The issues relating to imprisonment of individuals with mental health problems in the UK has attracted considerable attention, as the number of self-inflicted deaths has risen to the highest number since records began in 1978. With a rate of one prison suicide every three days, the director of the Howard League described the current rate as having reached “epidemic proportions”.  The steady rise of deaths in custody has prompted a series of inquiries in recent years, and has drawn scrutiny from UN bodies and Special Procedures, and more recently, UN Member States as part of a periodic review of its human rights performance.
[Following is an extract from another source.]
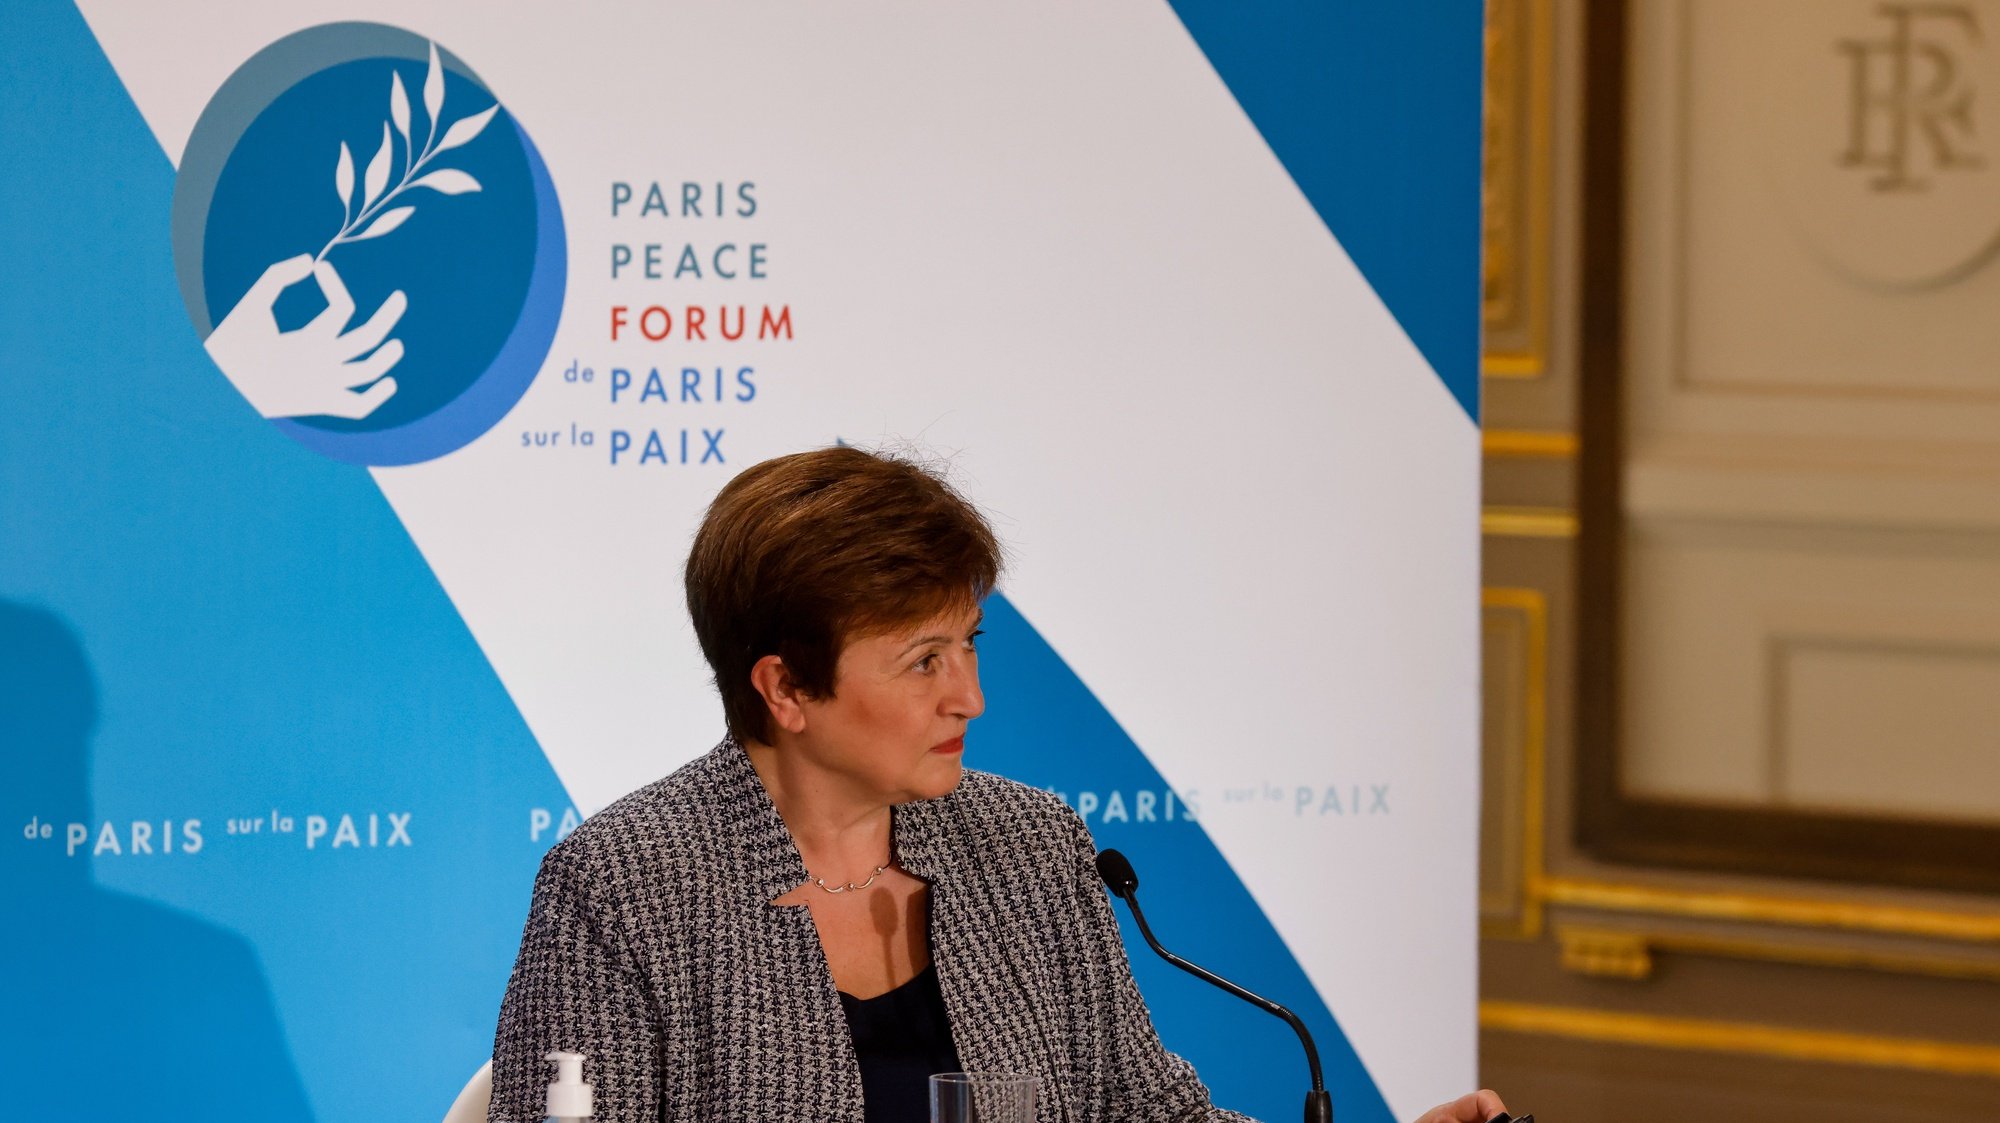 epa08815835 International Monetary Fund Managing Director Kristalina Georgieva attends The Paris Peace Forum at The Elysee Palace in Paris, France, 12 November 2020. Organisers of the French Paris Peace Forum say several countries and foundations are set to pledge more than 500 million US dollars for a global pool aimed at ensuring equitable access to coronavirus tests, treatment and vaccines for all nations.  EPA/LUDOVIC MARIN / POOL  MAXPPP OUT
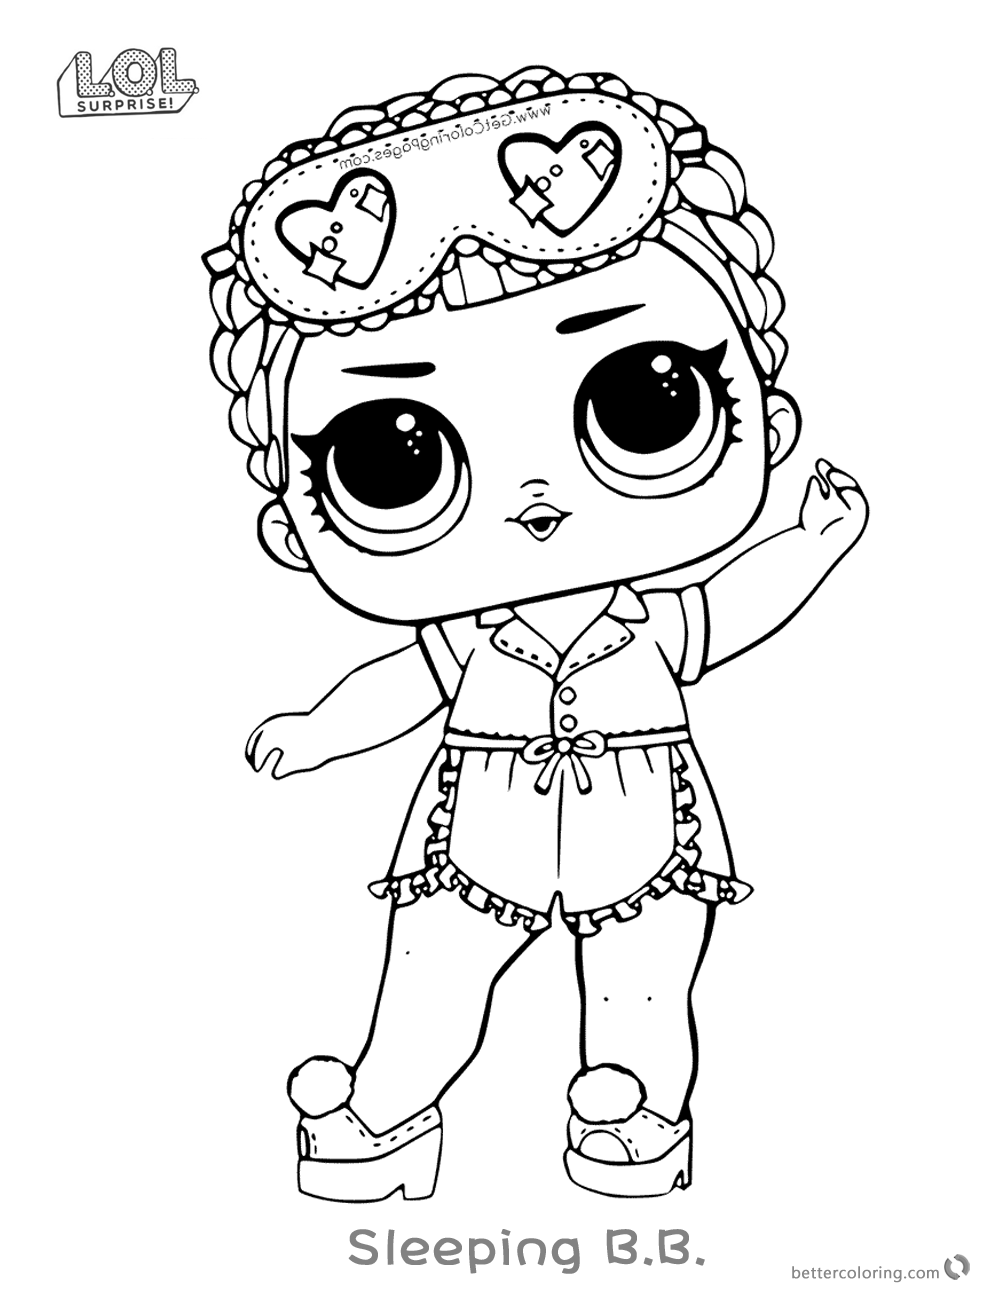 49-coloring-pages-lol-paper-dolls-printable

However, despite this, little progress has been made.

In view of this reality, the Joint Committee on Human Rights launched an inquiry into mental health and deaths in prison in 2016 in order to determine whether a human rights based approach can help to prevent deaths in prison of individuals with mental health conditions i.e. one that satisfies acceptable standards as laid down by national and international human rights law, and recognises the particular position of vulnerability in which detainees are placed. The inquiry specifically looked at why previous recommendations had not been implemented. To this end, the Committee received both oral and written evidence from authors of the various domestic inquiry reports and individuals whose lives have been directly affected by the issue, including relatives of individuals who had committed suicide in prisons.

However, the inquiry was unexpectedly cut short as a result of the decision to call a snap election.